Segment Start: Exercise data
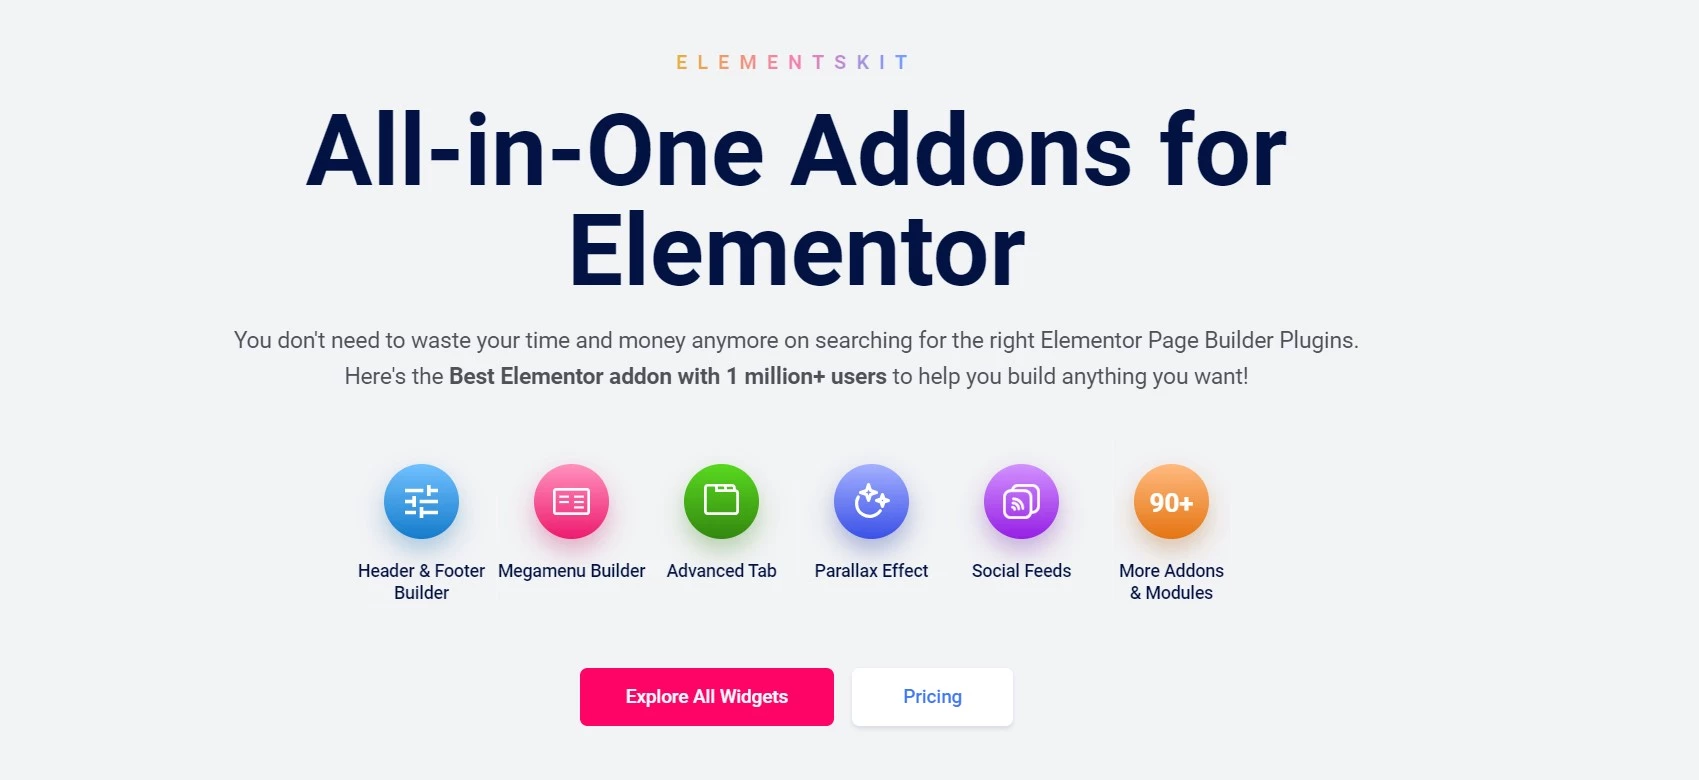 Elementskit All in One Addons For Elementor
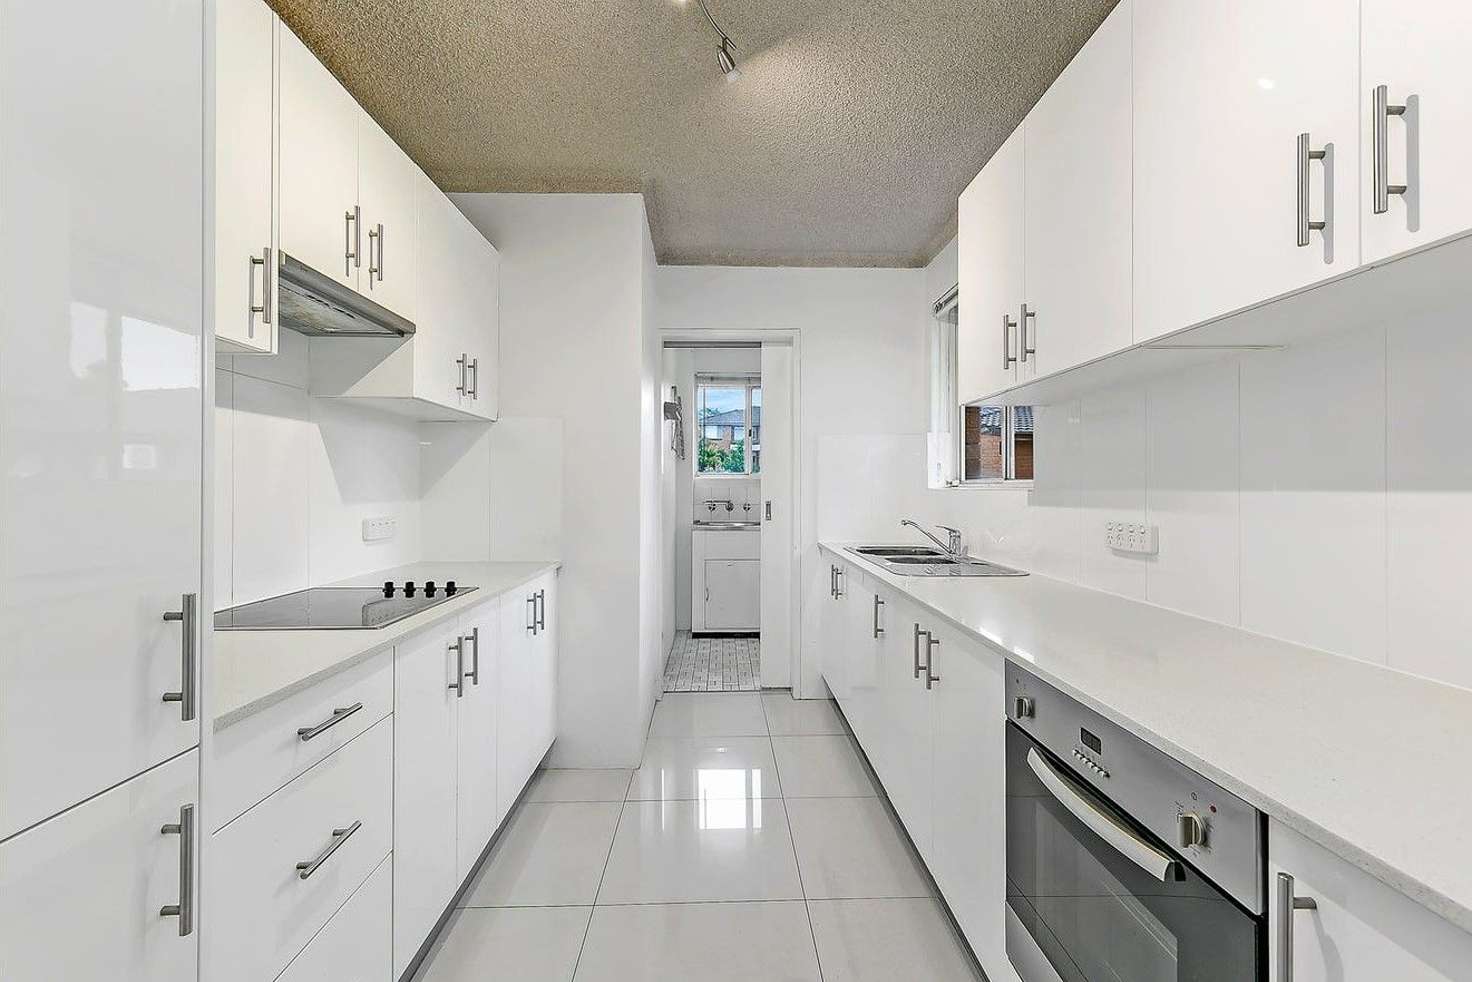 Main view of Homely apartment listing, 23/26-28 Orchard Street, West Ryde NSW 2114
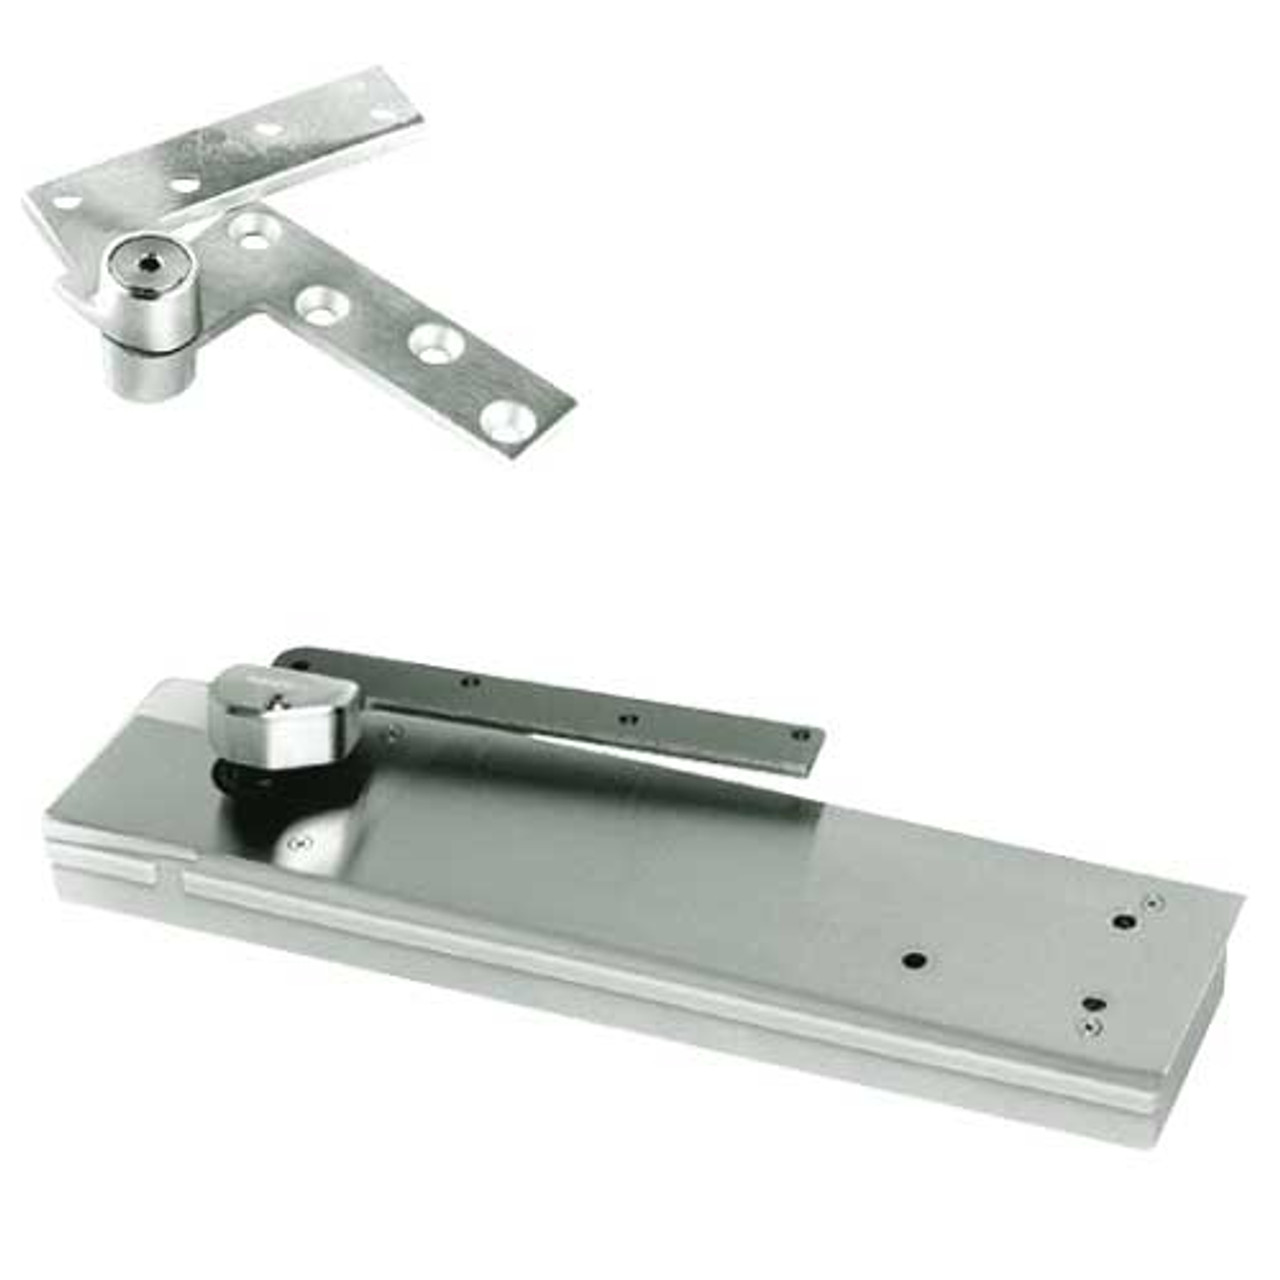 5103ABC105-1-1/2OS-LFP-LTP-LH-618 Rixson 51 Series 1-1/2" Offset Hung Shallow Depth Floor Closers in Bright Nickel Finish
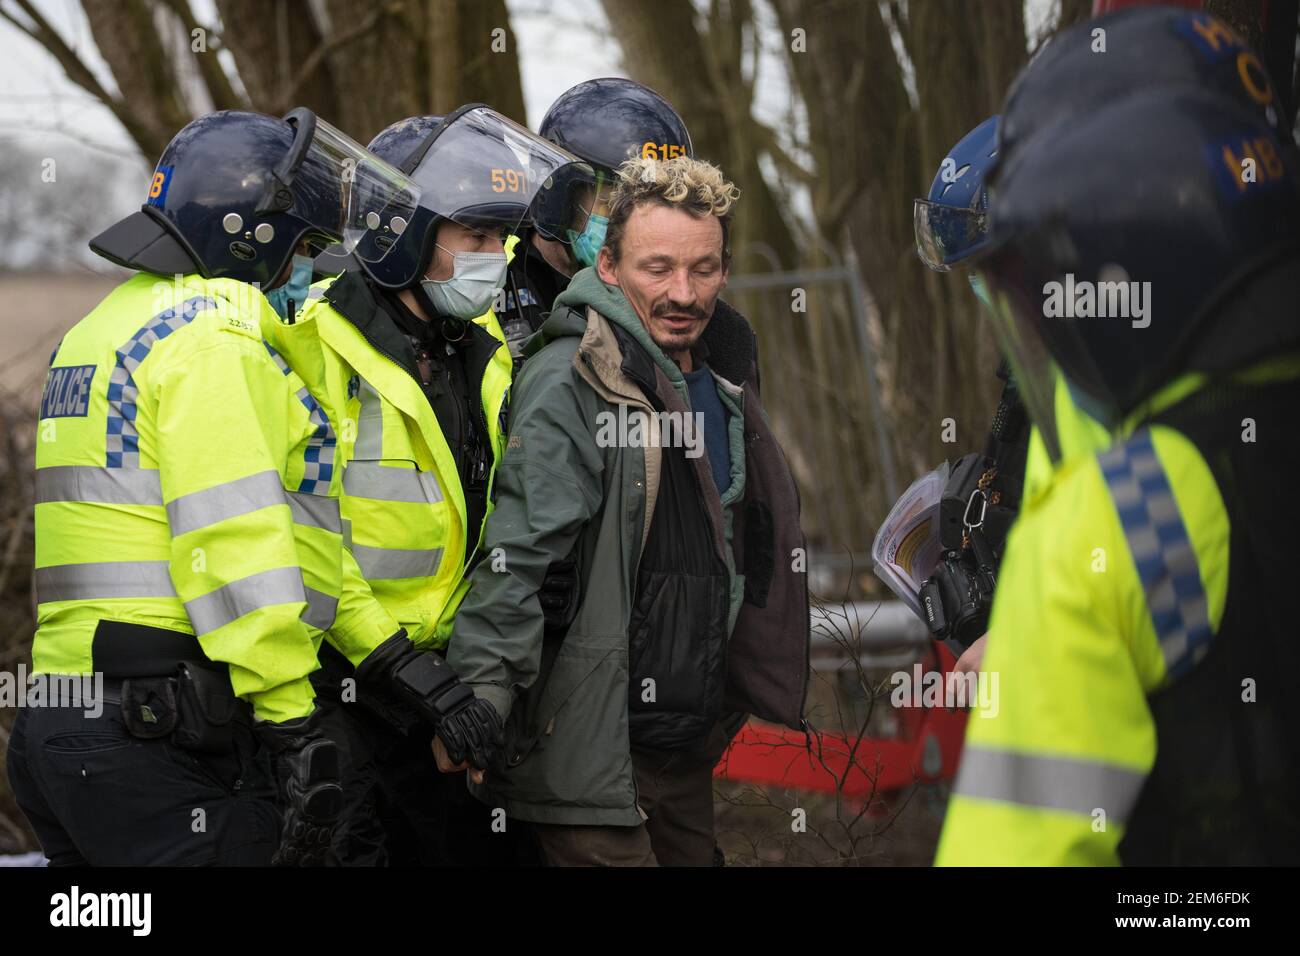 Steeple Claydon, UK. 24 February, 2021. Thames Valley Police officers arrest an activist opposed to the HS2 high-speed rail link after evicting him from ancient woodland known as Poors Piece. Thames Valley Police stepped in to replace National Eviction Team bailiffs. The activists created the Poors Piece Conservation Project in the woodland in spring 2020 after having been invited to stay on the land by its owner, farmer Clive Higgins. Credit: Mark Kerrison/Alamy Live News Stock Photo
Segment End: Exercise data
Only the pictures are dropped. Otherwise, write out the listing exactly.

 Elementskit All in One Addons For Elementor
 Main view of Homely apartment listing, 23/26-28 Orchard Street, West Ryde NSW 2114
 5103ABC105-1-1/2OS-LFP-LTP-LH-618 Rixson 51 Series 1-1/2" Offset Hung Shallow Depth Floor Closers in Bright Nickel Finish
 Steeple Claydon, UK. 24 February, 2021. Thames Valley Police officers arrest an activist opposed to the HS2 high-speed rail link after evicting him from ancient woodland known as Poors Piece. Thames Valley Police stepped in to replace National Eviction Team bailiffs. The activists created the Poors Piece Conservation Project in the woodland in spring 2020 after having been invited to stay on the land by its owner, farmer Clive Higgins. Credit: Mark Kerrison/Alamy Live News Stock Photo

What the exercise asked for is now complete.